Desafortunadamente, uno de sus experimentos llevó a un incidente catastrófico que borró todo su territorio, junto con él.
Draven había buscado incansablemente a su hijo, pero sus esfuerzos no dieron resultados. Con el tiempo, todos llegaron a suponer lo peor.
—¿General Demonio de tres estrellas? ¿Eso es siquiera un rango alto? —preguntó Reign, aceptando el medallón con una mirada curiosa.
Lyra y los otros demonios presentes lucharon contra el impulso de golpearlo por tratar un rango tan alto con tal falta de respeto.
—Es lo más alto que puedo ofrecer para alguien de tu calibre —respondió Draven—. No te preocupes. Una vez que obtengas más reconocimientos, podrás ascender fácilmente a cinco estrellas… Y con el problema actual con los diablos, tendrás muchas oportunidades para probarte a ti mismo.
—¿Diablos? —Las orejas de Reign se aguzaron—. ¿Estás diciendo que Lilith no es la única a la que necesitamos cazar?
Draven se reclinó en su silla.
—Ella es la más peligrosa en este momento, pero estoy más preocupado por lo que sucede después de que abra las puertas del infierno. Seres que podrían ser incluso más fuertes que yo inundarán estos mundos en manadas.
—¿Estás seguro de que va a abrir el infierno? —preguntó él.
—Sí, y una vez que lo logre, tanto demonios como humanos estarán en riesgo de extinción. No importa cuán similares puedan parecer los demonios y los diablos, seguimos siendo especies fundamentalmente diferentes.
Reign entendió de dónde venía el Dios Demonio. Esta noticia complicaba aún más las cosas para él, especialmente porque Lilith había tomado a Celine y Cyril como rehenes.
—¿Tienes alguna manera de rastrearla? —preguntó.
Esta era una de las principales razones por las que había arriesgado venir a este lugar para unirse a la alianza. Necesitaba localizar a Lilith lo antes posible.
Draven meditó por un momento. La capacidad de rastrear al diablo era información ultraconfidencial, pero sentía simpatía por Reign.
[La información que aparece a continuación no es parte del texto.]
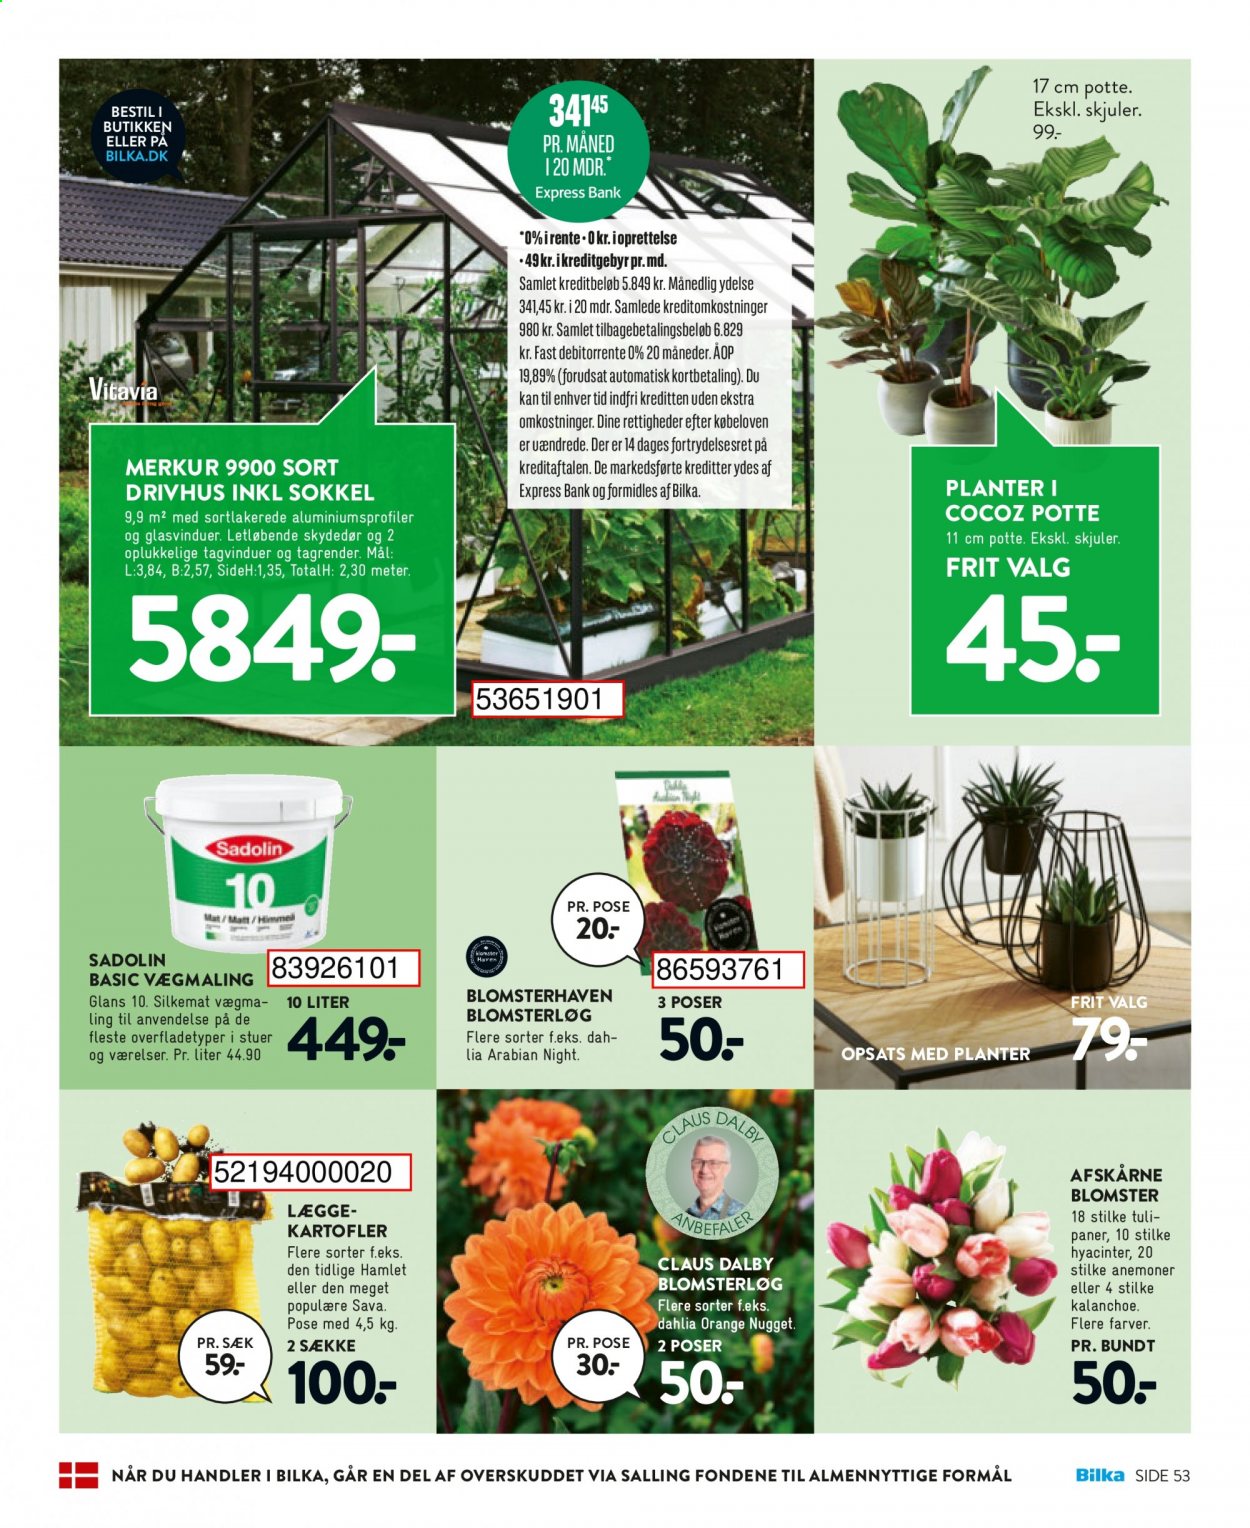 thumbnail - Bilka tilbud  - 26.2.2021 - 4.3.2021 - tilbudsprodukter - kartofler, drivhus, blomsterløg, kalanchoë, tulipaner. Side 55.

Le recordaba demasiado a su hijo.
—Todos pueden irse ahora. El General Reign y yo necesitamos discutir asuntos importantes —ordenó, su tono no dejaba lugar a discusión.
Esto dejó un sabor amargo en las bocas de los otros Reyes Demonios. El conocimiento de que Reign tendría acceso a información reservada solo para los Dioses Demonios los hacía sentir pequeños e insignificantes.
Sentían como si todos sus esfuerzos y lealtad no valieran nada.
Aunque su ego estaba herido, tenían que admitir que Reign era mucho más fuerte y poseía más potencial que cualquiera de ellos.
Era natural que recibiera más beneficios y atención.
Cuando se fueron, la puerta se cerró, y Draven hizo un gesto para que Reign tomara asiento en una de las sillas.
Reign se detuvo, notando que cada silla llevaba su propia insignia.
—¿Estás seguro? Pensé que estas sillas estaban reservadas para los miembros del consejo —preguntó.
—No te preocupes por eso. Con tu potencial, solo será cuestión de tiempo antes de que asegures una posición para ti mismo.
«Oh, este viejo no está tan mal… realmente reconoce lo grandioso que soy».
Con la seguridad del Dios Demonio, tomó asiento para continuar su conversación.
—Entonces, ¿cómo planeas exactamente rastrearla?